The required output is the exact run of lines from the one that contains "Brown and Pink" to the end of the data, with every picture left out.

§ Data provided
________
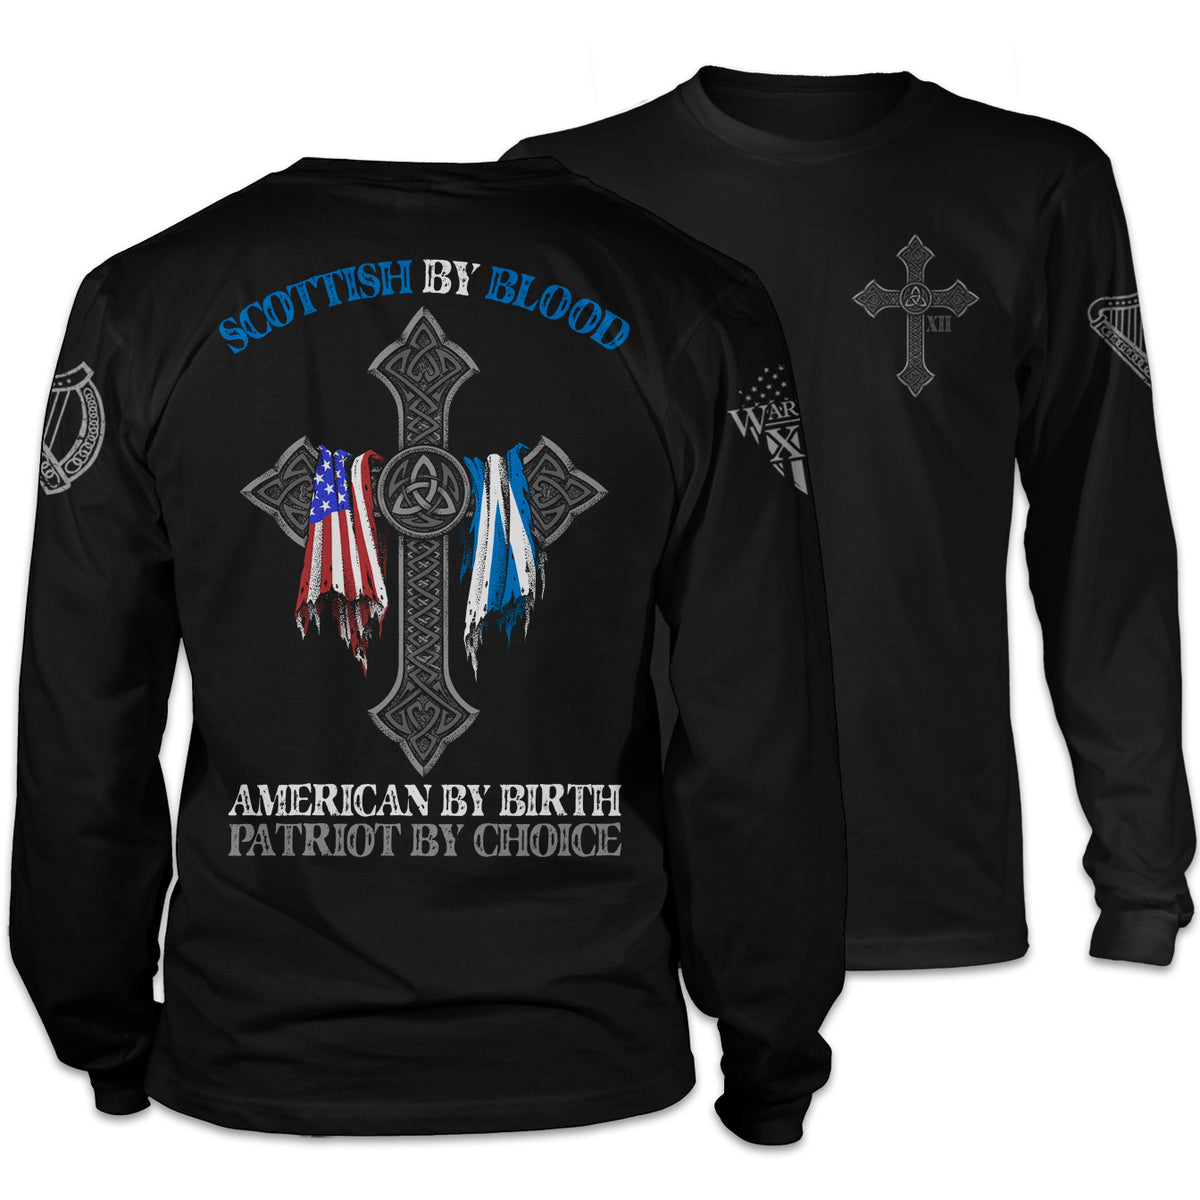 Front and back black long sleeve shirt with the words "Scottish by blood, American by birth, patriot by choice" with a cross holding the American and Scottish flag printed on the shirt.
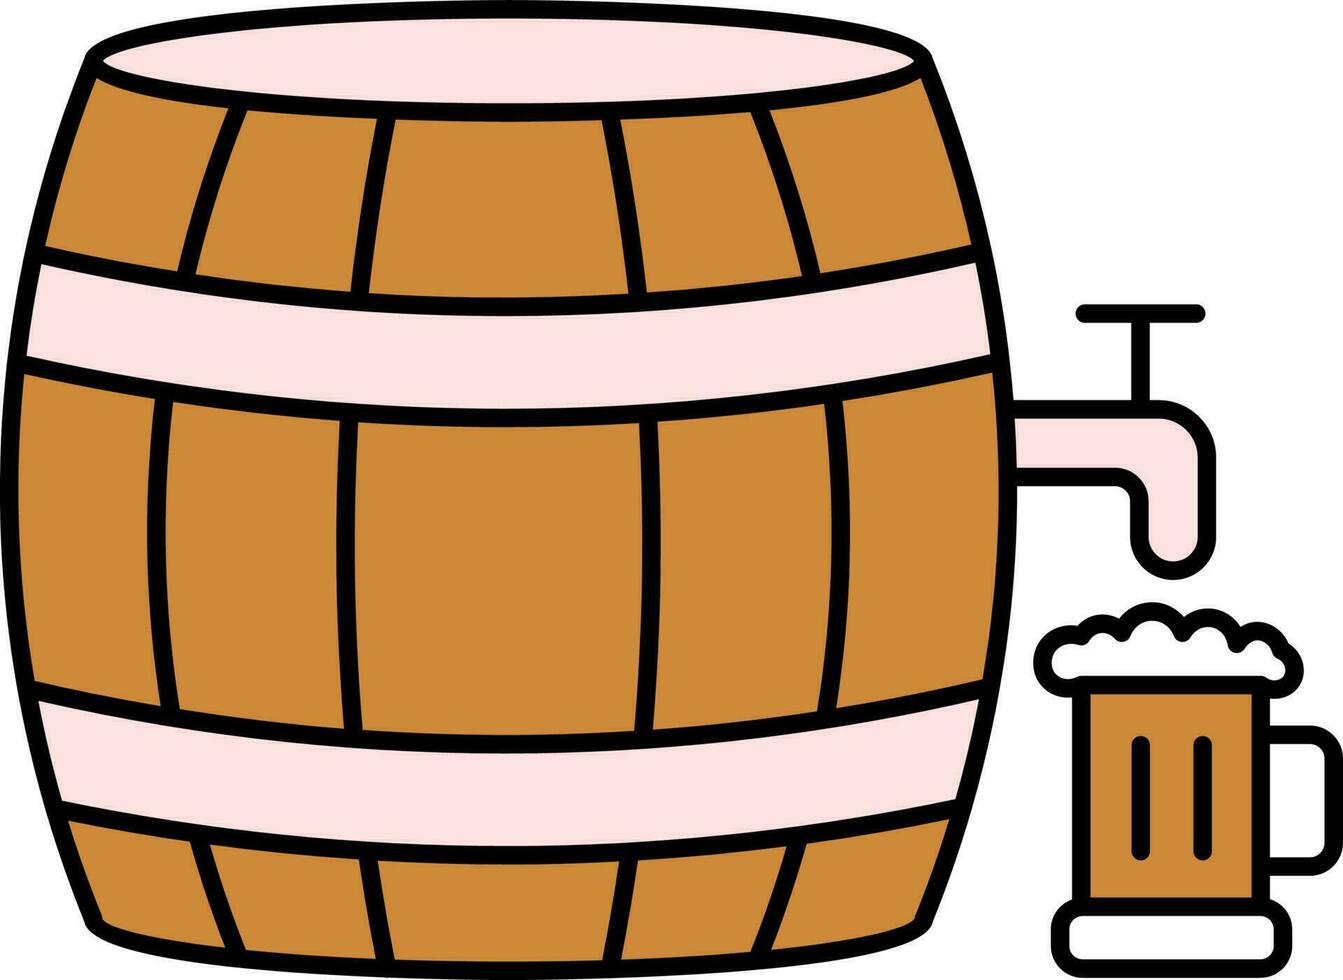 Brown and Pink Barrel Tap with Glass Icon. vector
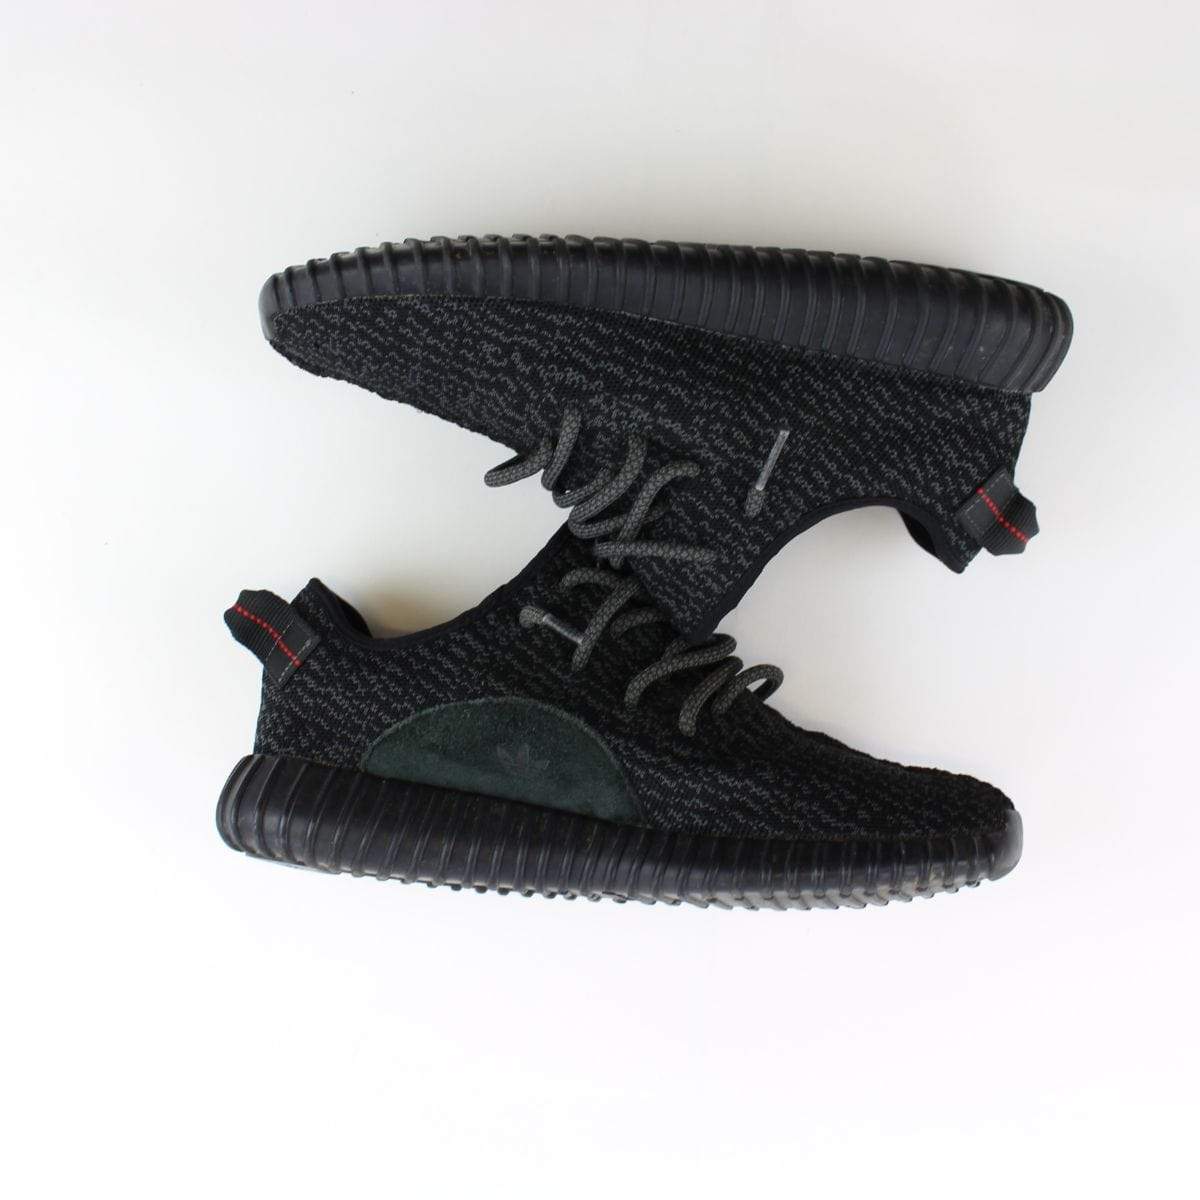 Adidas x Yeezy 350 Boost Pirate Black - SaruGeneral
________
§ Output for this exercise
 Brown and Pink Barrel Tap with Glass Icon. vector
 Adidas x Yeezy 350 Boost Pirate Black - SaruGeneral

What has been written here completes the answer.